Одна из школьных острячек — не кто-нибудь, а бывшая подружка — заметила, что если уж чьему-то отцу суждено было покончить с собой, то кто же это мог быть еще, как не отец этой задавалы Кирстен Хэллек? И эта злая шутка (а несколько девчонок все-таки испуганно хихикнули), возможно, дошла, а возможно, и не дошла до Кирстен.
Она игнорирует своих врагов. В упор их не видит. Привет, Кирстен, доброе утро, Кирстен, как дела, Кирстен, — но она их не слышит. Летит как угорелая вниз по лестнице.
Отпрашивается с урока истории — боль в животе такая, что она вынуждена согнуться пополам: нет я в порядке нет пожалуйста я сказала пожалуйста все будет в порядке мне не нужно ничьей помощи благодарю вас. («Я все-таки съела завтрак, и вроде бы с удовольствием, — не без чувства удовлетворения написала она в своем дневнике, — но желудок не принял, так что пришлось бежать в туалет, и меня вырвало». Слово «вырвало» подчеркнуто несколько раз.)
Думает. Размышляет. Придумывает. Грезит. Забивает себе голову всякими фантастическими картинами, которые, вообще-то говоря, вполне реальны. Изабелла и Мори и Ник Мартене. Изабелла и Мори и Ник Мартене. А может быть, Изабелла и Ник… и Морис Хэллек. А может быть (ведь они же были друзьями детства), Морис Хэллек и Николас Мартене… и Изабелла.
Размышляет, смотрит в пустоту, покусывает нижнюю губу, с силой прочесывает пальцами волосы. (Что это она сотворила с бровями? Почти все выщипала? Но зачем? Даже Ханна не может этого сказать.) Вся съеживается от ласкового прикосновения учительницы французского языка — собственно, даже содрогается (с несколько наигранным возмущением), когда та кладет руку ей на плечо. Бредет одна через унылое хоккейное поле, сидит одна в стеклянном кубе библиотеки, сгибается в три погибели в столовой над остывающей едой — одна, совсем одна, хотя в этом году немало других печальных историй вокруг: девочек то и дело укладывают в изолятор, или к какой-то девочке неожиданно приезжает отец, забирает ее позавтракать в «Молли Питчер» или «Холидей инн» на автостраде и не привозит назад; есть девочки, которые много плачут, а есть такие, которые решительно не желают плакать, и есть такие, которые балуются травкой и курят так, чтобы их застигли, исключили и отослали домой, где их ждут новые слезы и неизвестно что; после их исчезновения проходит не одна неделя, прежде чем соседка по комнате узнает, что произошло.

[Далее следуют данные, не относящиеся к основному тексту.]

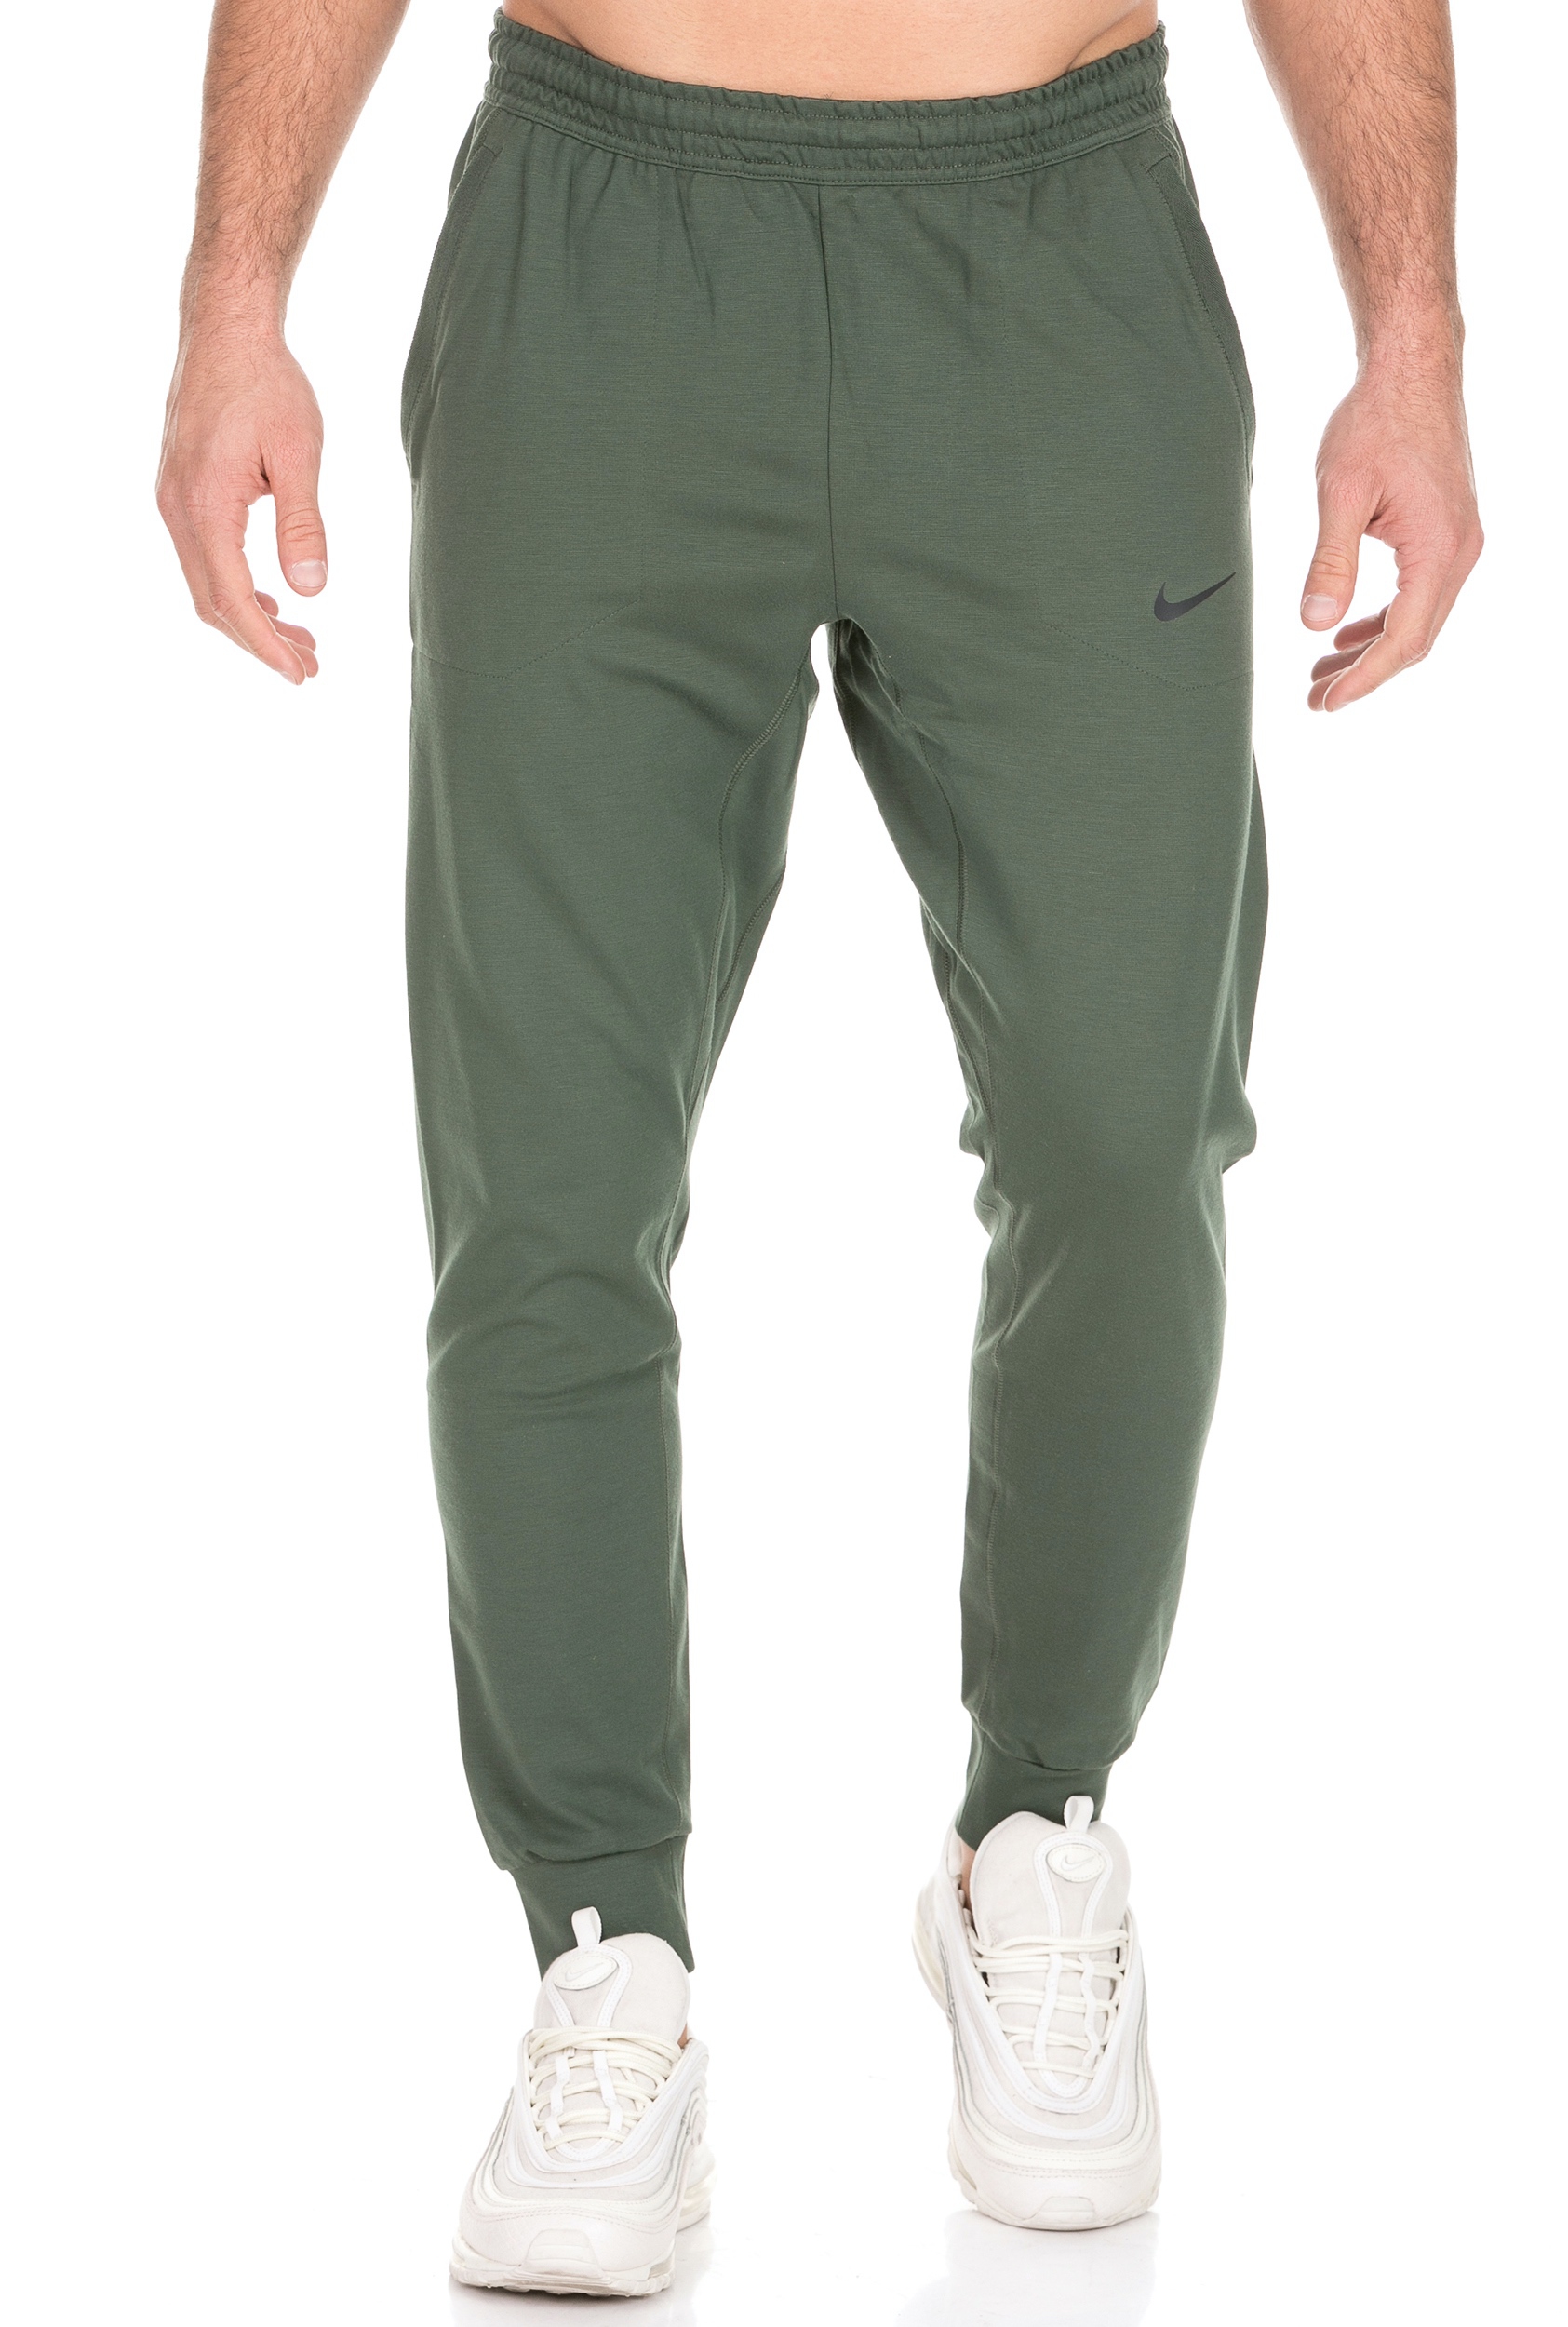 NIKE - Ανδρικό παντελόνι φόρμας NIKE NSW TCH PCK πράσινο

Но Кирстен избегает этих девочек, да и они всячески показывают, что избегают ее. Хотя, быть может, ни одна из них даже и не «видит» других.
Кирстен большую часть времени проводит одна. Но сегодня — все замечают это не без удивления, одобрения и интереса — к ней приехал этот ее красавчик братец, прямиком из Принстона — кажется, так? А может быть, из Йейла. Да, вполне недурен.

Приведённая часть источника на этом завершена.